Personal information
- Full name: Chinthana Geetal Vidanage Vidanage
- Nationality: Sri Lankan
- Born: 31 December 1981 (age 44) Polonnaruwa, Sri Lanka
- Weight: 68.81 kg (151.7 lb)

Sport
- Country: Sri Lanka
- Sport: Weightlifting
- Weight class: 69 kg
- Team: National team

Medal record
Men's weightlifting
Representing Sri Lanka
Commonwealth Games
| Gold medal – first place | 2006 Melbourne | 62 kg |
| Silver medal – second place | 2010 Delhi | 69 kg |
Commonwealth Championships
| Bronze medal – third place | 2021 Tashkent | 81 kg |

= Chinthana Vidanage =

Sri Lankan weightlifter

Chinthana Geetal Vidanage (born 31 December 1981) is a Sri Lankan weightlifter. He won a gold medal in the men's 62 kg category weightlifting; the first weightlifting gold medal for Sri Lanka in the 2006 Commonwealth Games held in Melbourne, Australia. In, 2011 Vidanage was banned for four years for violating anti-doping rules.

He was born in Polonnaruwa. Vidanage was a student of Polonnaruwa Royal Central College.

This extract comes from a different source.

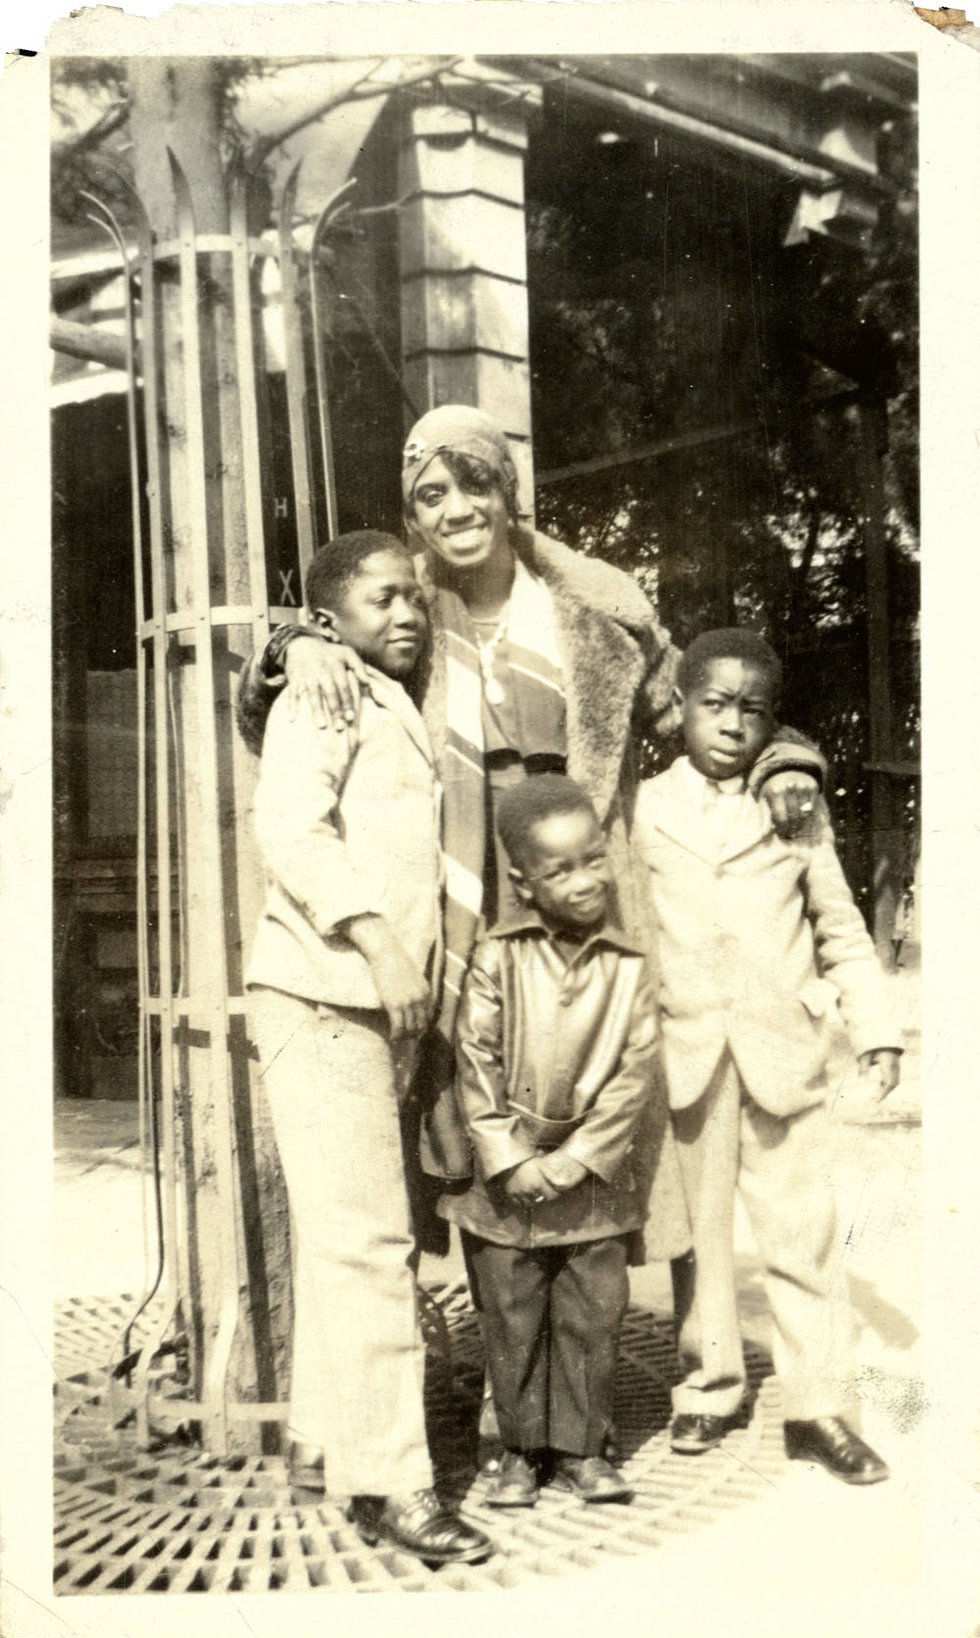 Cast members enjoy their 1929 visit to California, though the exact location has not been identified. The children are (left to right) Milton Dickerson, Walter Tait, and Robert “Bones” Couch.

Vidanage has qualified to compete for Sri Lanka at the 2022 Commonwealth Games in Birmingham, England.

==Drugs==
A urine sample provided by Vidanage in April 2011 at the 2011 Asian Weightlifting Championships in China was found to have metabolites of two methylhexanamine, which is banned by the World Anti-Doping Agency. Vidanage admitted taking the drug "unknowingly". The International Weightlifting Federation subsequently banned him for four years.